An exact reproduction of the data below is expected, free of images.

Material provided —
==*==
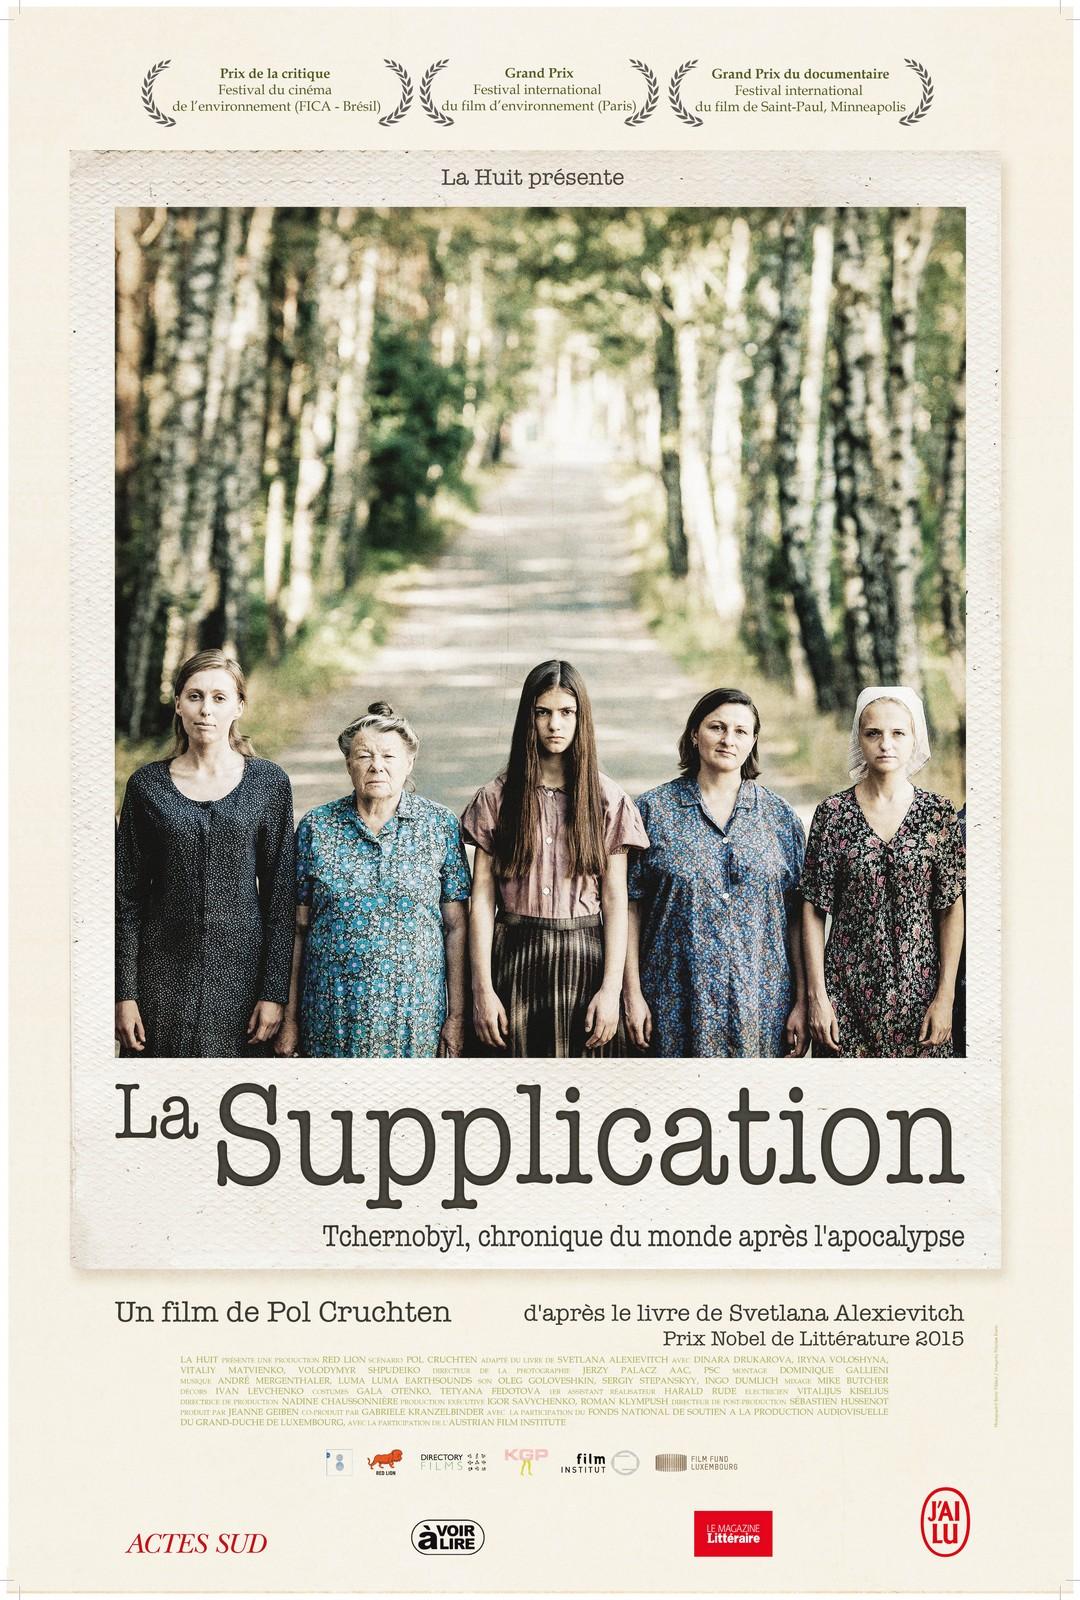 La Supplication
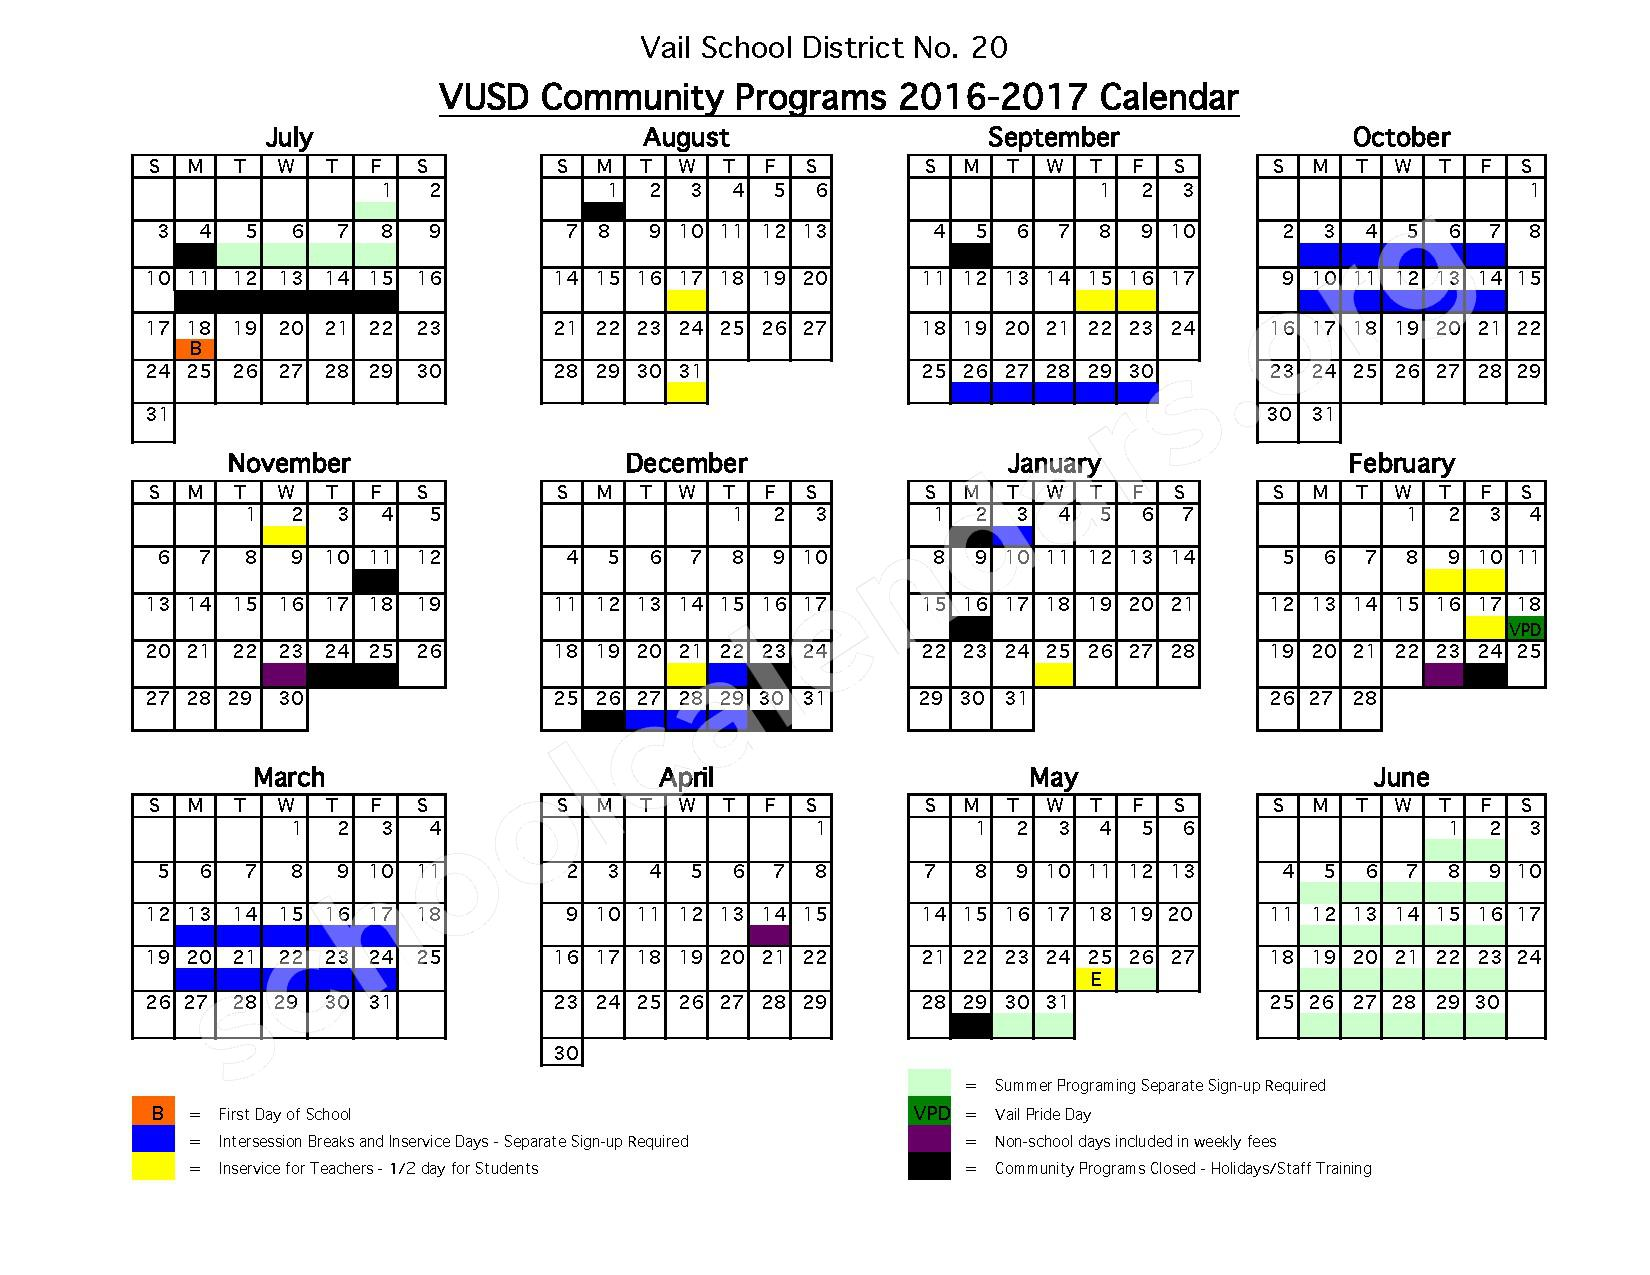 2016 - 2017 VUSD Community Programs Calendar – Vail School District – page 1
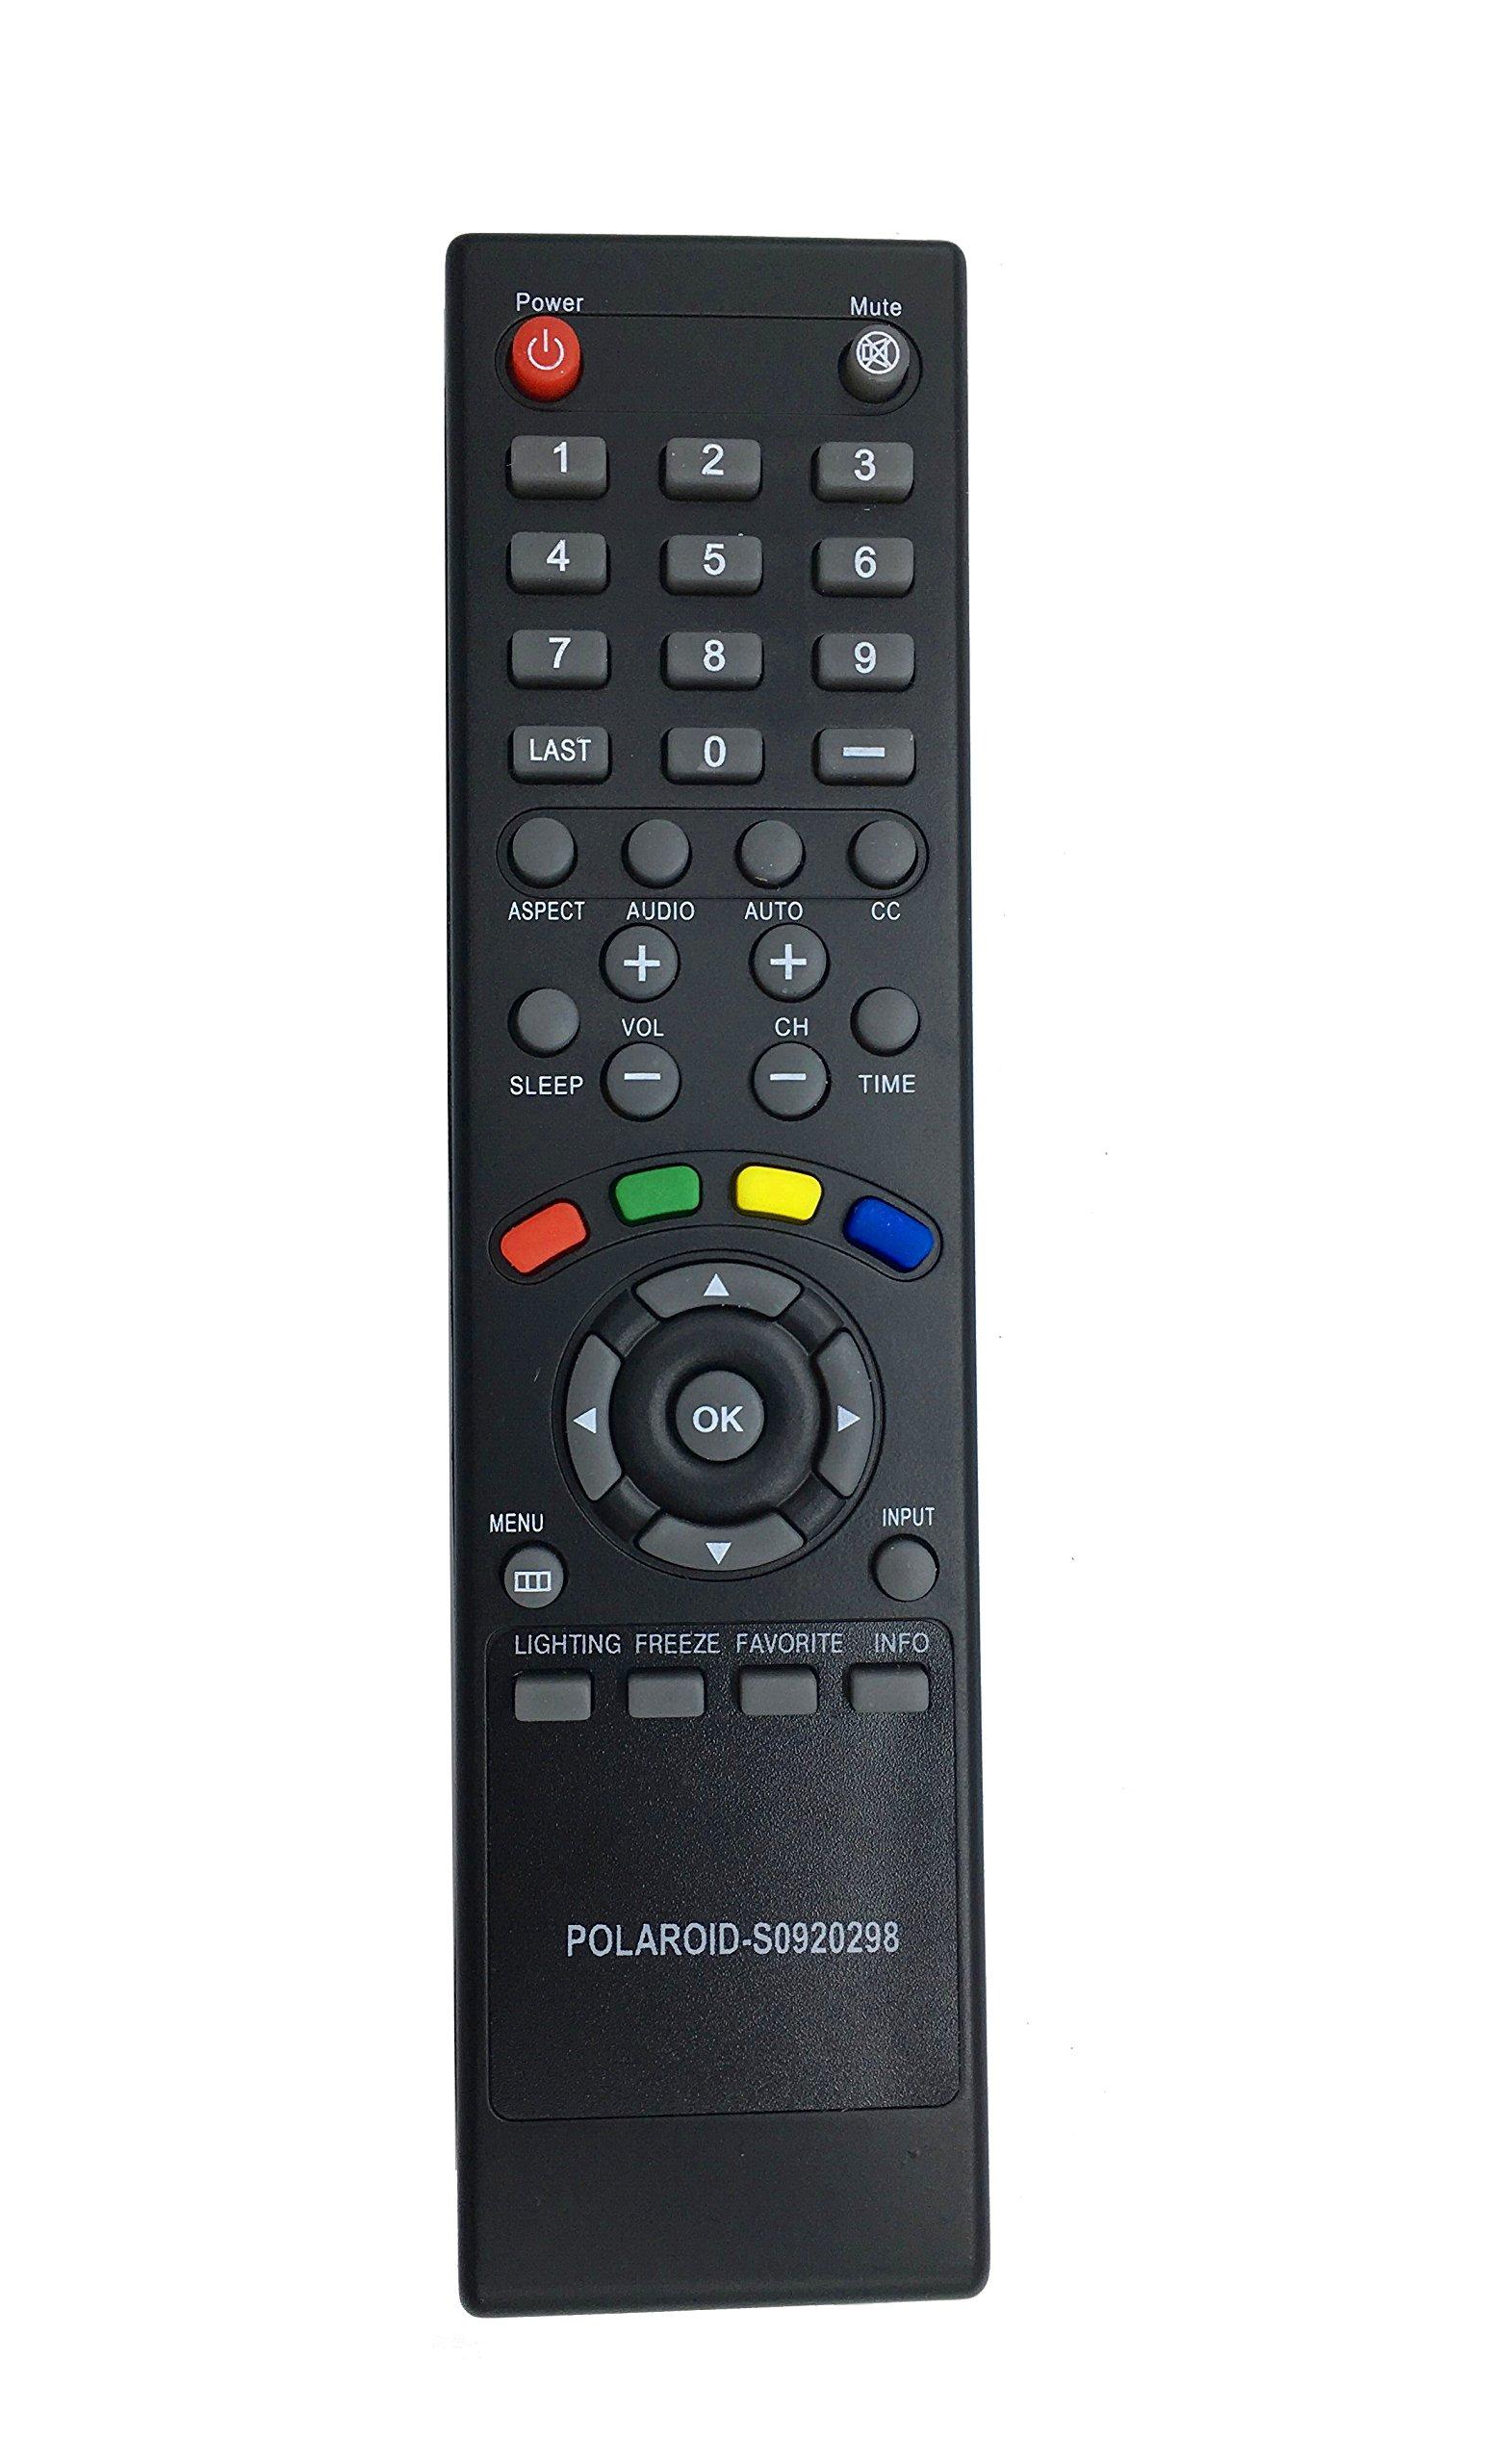 Control Remoto Vinabty S0920298 Polaroid S0920298 Lcd Tv ...
==*==
Task result —
 La Supplication
 2016 - 2017 VUSD Community Programs Calendar – Vail School District – page 1
 Control Remoto Vinabty S0920298 Polaroid S0920298 Lcd Tv ...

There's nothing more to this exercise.